Tens of thousands of Syrians have been tortured to death, executed, or perished from inhumane conditions in regime prisons since 2011. One regime official put the number of “disappeared” at up to 100,000.

See Syria Daily, June 23: More Relatives Told of 1000s Who Died in Regime Prisons

“They Killed Her”

Neither regime officials nor the drama’s director and production company initially responded to the story, which broke on social media on April 28 and was published by Middle East Eye on April 30.

But on Wednesday, State news agency SANA devoted a lengthy article to discrediting an account in The Guardian, published on Monday.

Misleading media campaigns practiced by the Western media since the beginning of terrorist war on Syria is persistent in politics and economy, and now the Syrian drama which is targeted by a systematized misleading campaign.

The article insisted that there was a “volume of difference” of difference between Alawi’s photograph and the one used in An Interview with Adam.

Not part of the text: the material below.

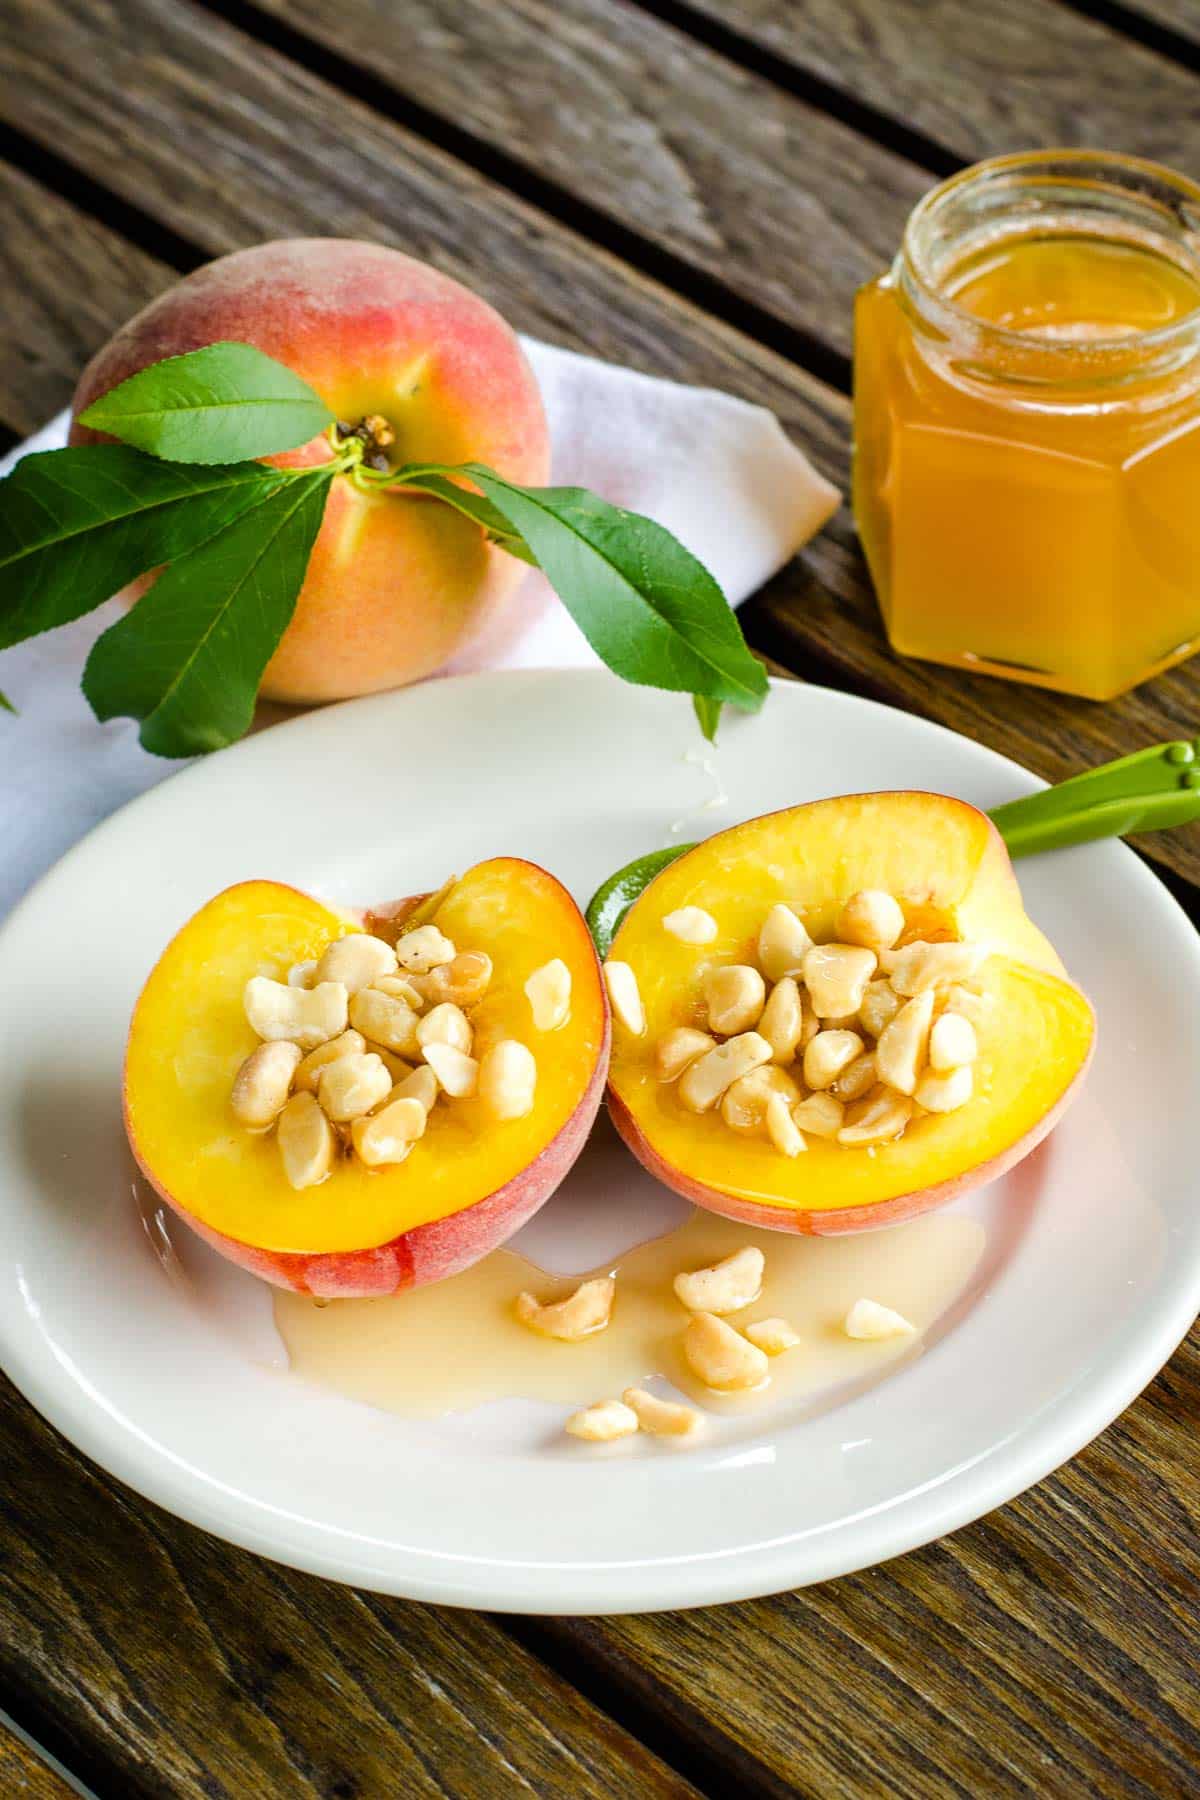 Peach halves with macadamia nuts and honey on white plate with whole peach and honey jar.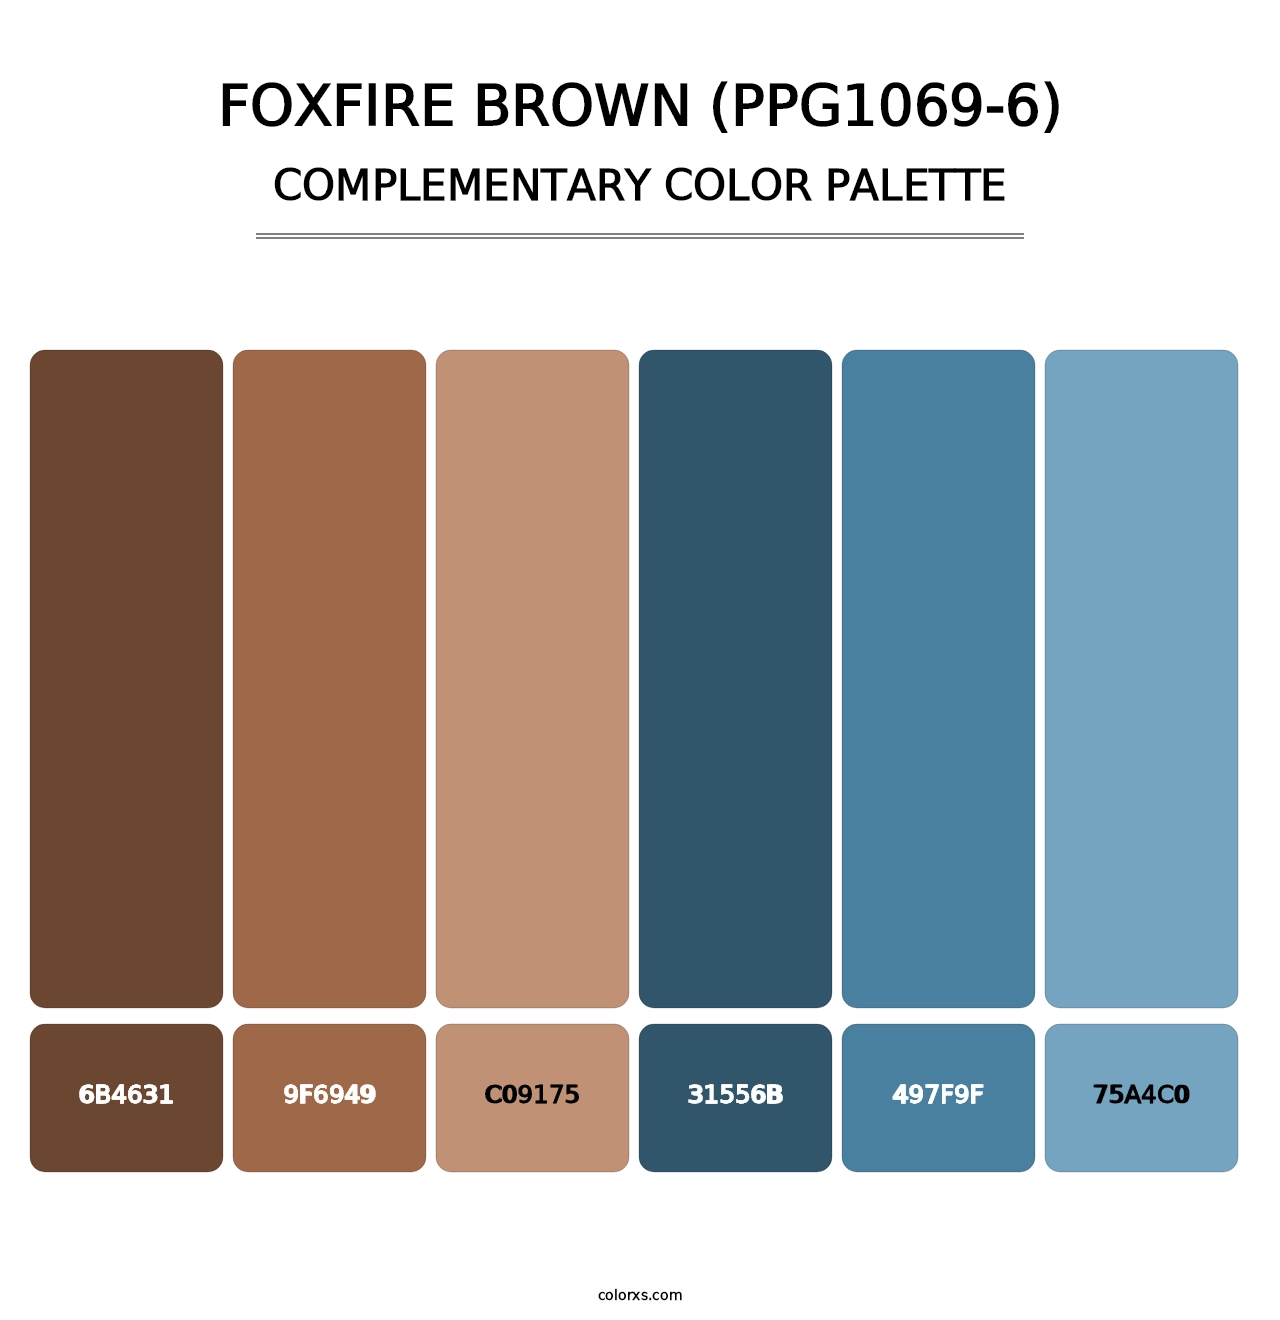 Foxfire Brown (PPG1069-6) - Complementary Color Palette

Director Fadi Saleem insisted that the picture was of Tunisian actress after she was “subjected to” face and stomach makeup.

Alawi’s uncle Khalid, based in Germany, said he is considering a lawsuit against Saleem and the production company.

Rehab’s death was heartbreaking, but the most shocking thing was seeing her picture in the series. We all know that Assad is part of everything in Syria: even movies and sports represent the regime. They killed her and now they are changing the facts and falsifying history.

Last year’s Ramadan drama on Syrian State TV denigrated victims of the regime’s chemical attacks, portraying rescuers staging the assaults.